Physical characteristics
- • location: Lumda Plateau, north-west of Grünberg
- • location: Lahn in Giessen
- • coordinates: 50°34′59″N 8°39′39″E﻿ / ﻿50.5831°N 8.6607°E
- Length: 24.3 km (15.1 mi)

Basin features
- Progression: Lahn→ Rhine→ North Sea

= Wieseck (river) =

River in Germany

The Wieseck is a river in Hesse, Germany.
It is a left tributary (east) of the Lahn in the Vorderer Vogelsberg region. It rises in Saasen and after 24.3 kilometres, flows into the Lahn at Giessen, near the railway station. The Giessen suburb of Wieseck is named after the river.

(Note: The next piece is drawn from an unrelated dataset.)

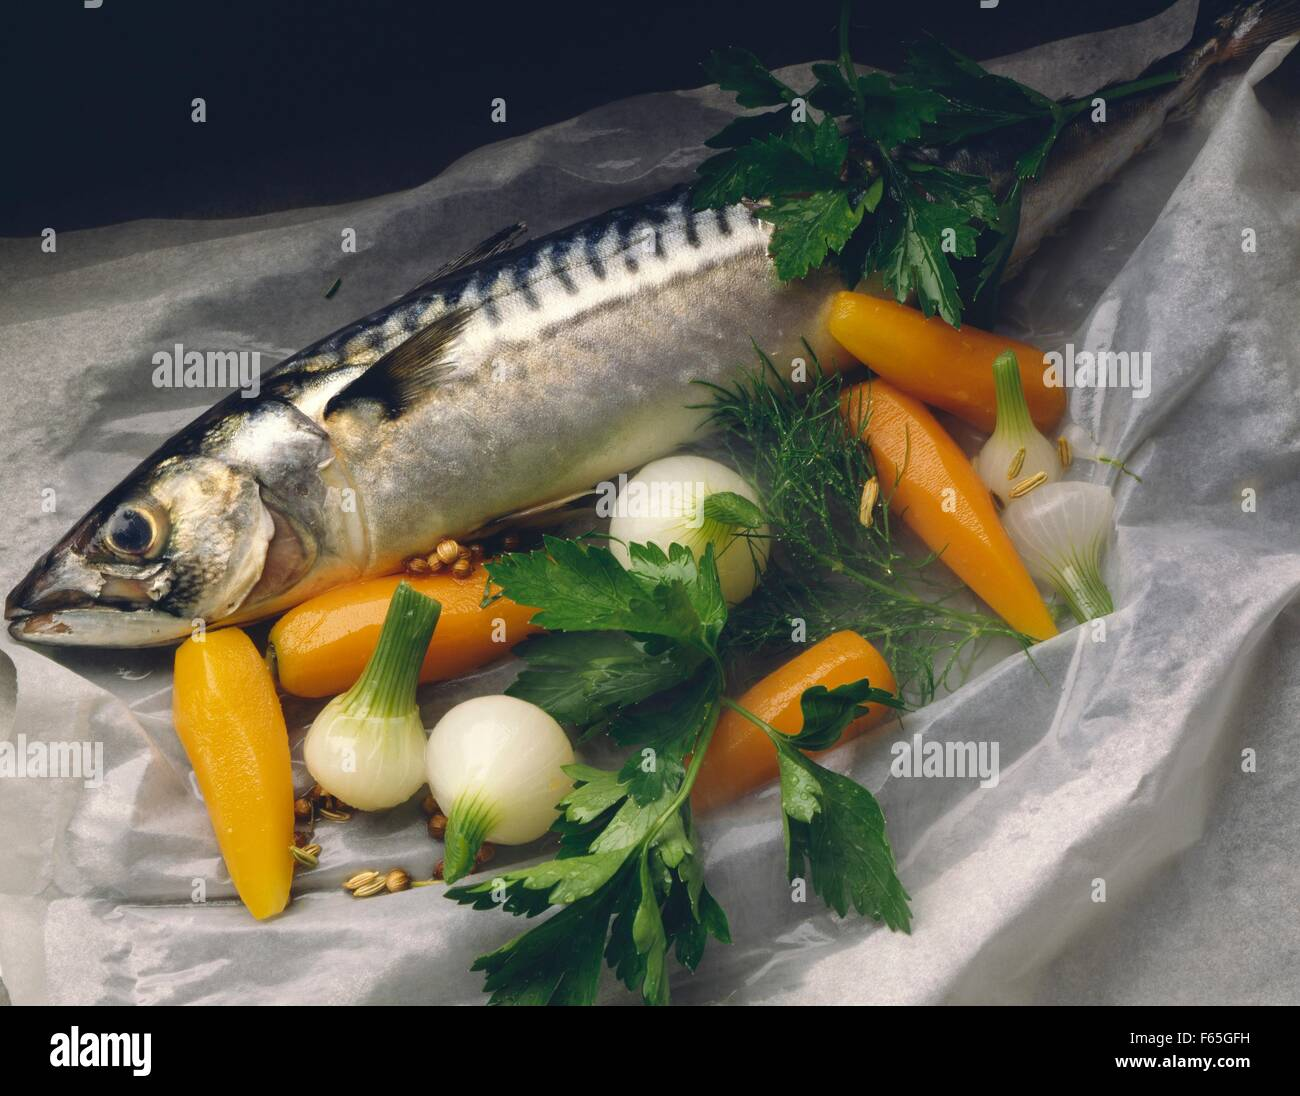 Le maquereau avec des légumes Banque D'Images

== Natural geography and use ==

The Wieseck valley roughly forms the southern boundary of the Lumda Plateau, the central plateau of the Vorderer Vogelsberg.
The Wieseck meadows between Großen-Buseck and the centre of Giessen are a popular recreation area for the people of Giessen.

==Water quality==

The saprobic index in the middle reaches of the Wieseck (at Großen-Buseck) is 1.77 which is considered "good" according to the WFD standards. In the lower reaches, within the urban area, it is 2.34, which is classified as "moderate".
The structural condition, however, should be classified as "poor". Morphologically, large sections of the Wieseck are severely impaired. Almost 96% of the sections were "significantly distorted" or worse. Only about 4% were classified as having moderate levels of distortion or better, which is the target.
Several other indices calculated by evaluating the colonization of the Wieseck with aquatic organisms (macrobenthos), confirm this poor condition.
These values, which indicate structural impairment of the river, show that the middle reaches of the Wieseck at Großen-Buseck are "unsatisfactory", and the lower reaches in the urban area are "poor".
Thus, on the basis of the WFD, which requires a "good ecological condition" by 2015, action is necessary to improve the condition of the river. Such action is envisaged in the coming years.